Small subunit (SSU) region in the nuclear ribosomal gene of C. punctatus is 1,738 nucleotides in length. Phylogenic study based on the sequence have shown Renispora flavissima to be the closest related taxon. Both are treated within the Ongenaceae and share similar characteristics such as the yellow color, thin walls, narrow ascomata, and ascospores with pitted walls. Even though these two species are the most closely related to each other, the bootstrap value was low (78%), indicating that the phylogenic similarity is not particularly high.

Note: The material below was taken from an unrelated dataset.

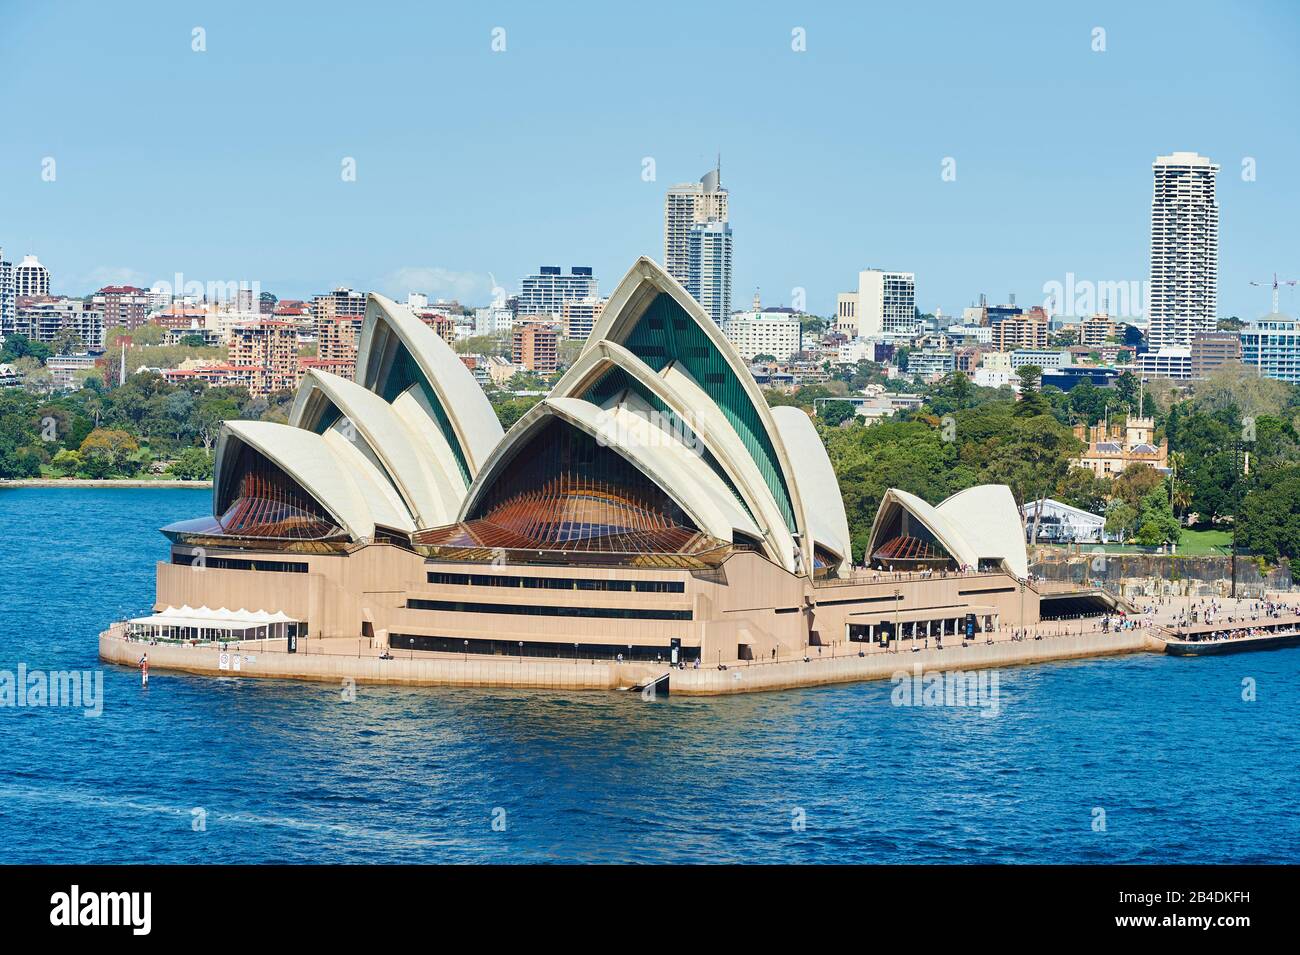 Paesaggio Dell'Opera House In Primavera, Sydney, Nuovo Galles Del Sud, Australia, Oceania Foto Stock

In addition to the phylogenic distance, there are notable morphological differences between the genus Chlamydosauromyces and Renispora. the hyphae of Chlamydosauromyces are subhyaline whereas those of Renispora are hyaline or translucent. Moreover, Renispora has liver-shaped ascospores, but ascospores of Chlamydosauromyces look like pulley wheels. In addition to the morphological differences between two species of fungi, the conidia of the Chrysosporium anamorph of Renispora are large with spiny tubercules and formed on stalks whereas Chlamydosauromyces produces an asexual state characterized by alternate arthroconidia.

==Ecology==
Chlamydosauromyces punctatus was first found in the putatively healthy Squamate reptiles free of cutaneous lesions. The fungus was first isolated in 2001 from the shed skin of a 7-year-old healthy male frilled lizard, Chlamydosaurus kingii, from the San Diego Zoo (the lizard typically lives in trees found in the northern part of the Australia). Among samples of three different Squamate reptiles donated by the Zoo, the skin samples of two of the reptile species did not show any evidence of invasion by the fungus. The ex-type strain of C. punctatus is in depository at UAMH 9990. Though unique to reptiles, this species is distinct from the commonly associated fungal pathogens of reptiles. C. punctatus is associated with the shed skin of healthy lizards free of lesions or symptoms.